Saturday, July 15, 2017

A Story About Knowledge

I worked as a lab assistant while an undergrad Physics major at a small college in Pennsylvania. My duties involved setting up experiments in lab rooms. Some of the experiments required electricity, which I was not that comfortable with at the time (read: terrified). A professor told me that if I learned the proper respect for electricity, all would be well. I managed to not electrocute myself over the next few years.

In the early 1990s I was accepted into the PhD program in the department of Physics at Rensselaer Polytechnic Institute. I attended on an assistantship, so I was again required to help setup labs. One class I worked in was taught by Wayne Roberge, a PhD in astrophysics from Harvard.

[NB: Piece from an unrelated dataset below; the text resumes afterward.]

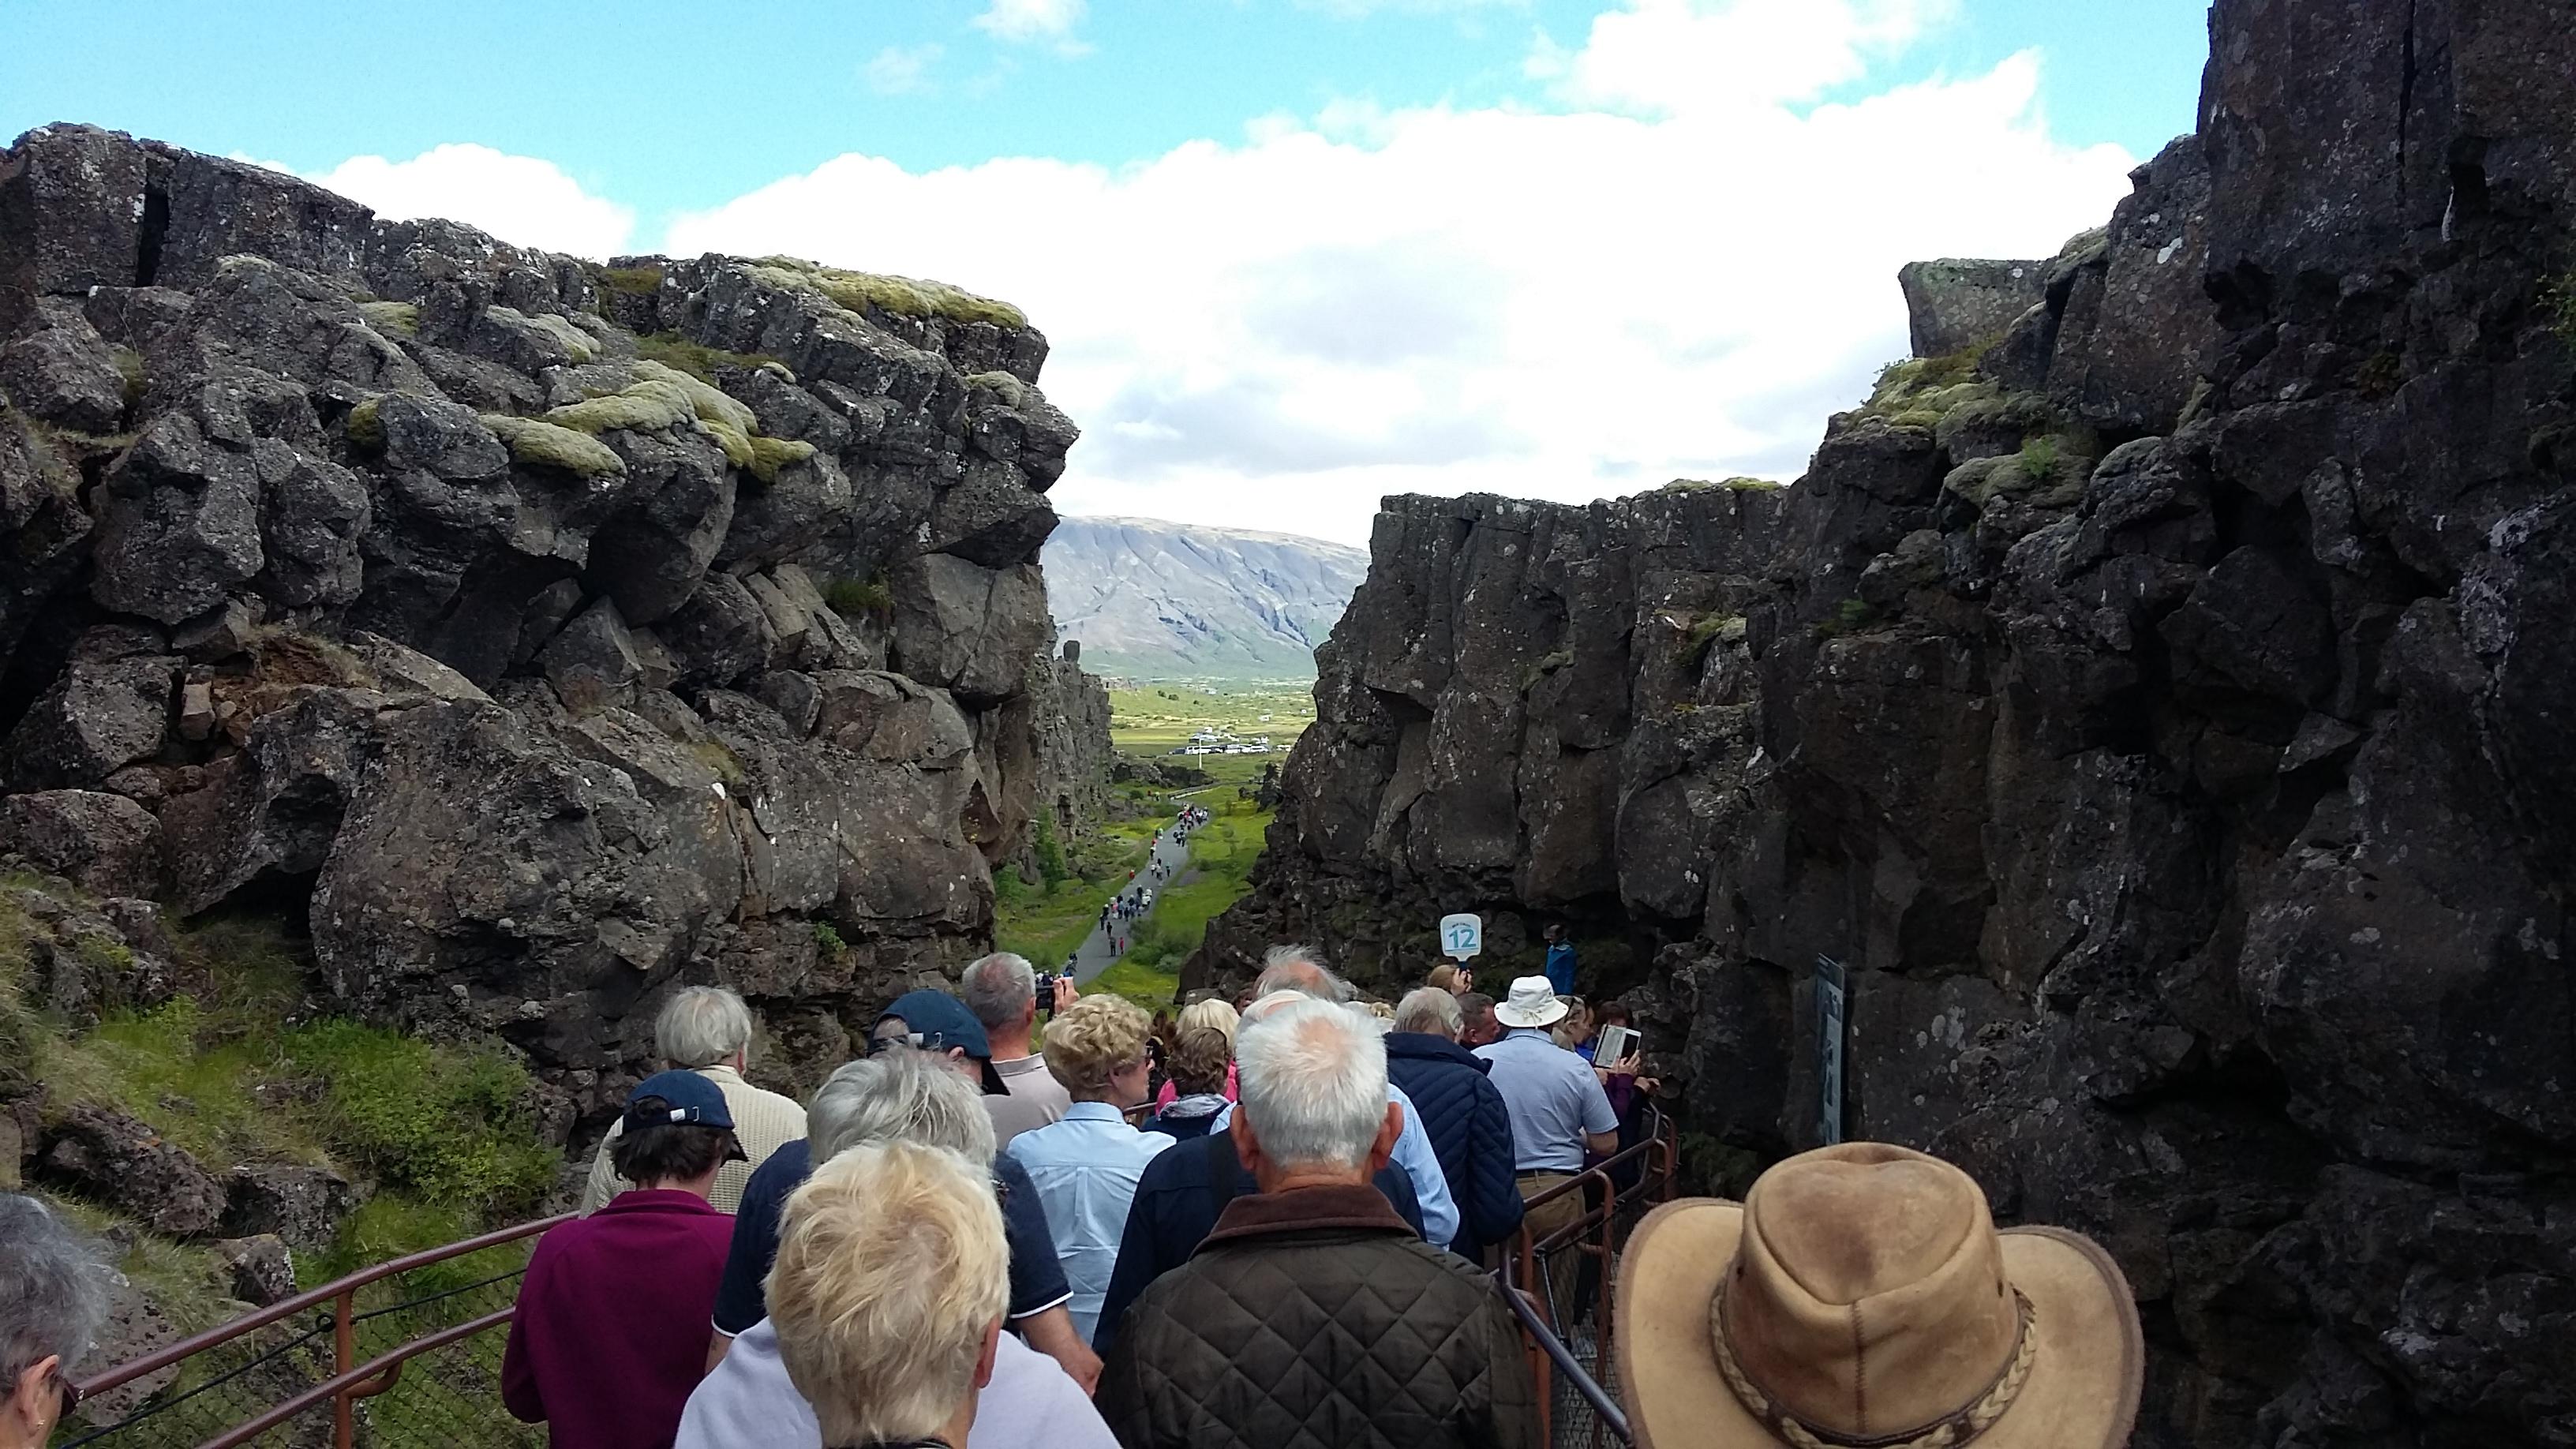 Tectonic Plates Separating

For one lecture session I had to setup a demonstration on electricity and magnetism that required a car battery for a power source. As I was setting up the equipment Dr. Roberge watched with concern. He looked at me and said, "You're being pretty cavalier with that battery." I asked what he meant by that. He said that the battery was dangerous, and I should be more careful with it.

"Why do you think it is dangerous?," I asked. "Well, it can produce 500 amps!," he replied. He may have been referring to the old saying "volts jolts, amps kill," an oversimplification of the fact that only small amounts of electrical current are required to stop a human heart.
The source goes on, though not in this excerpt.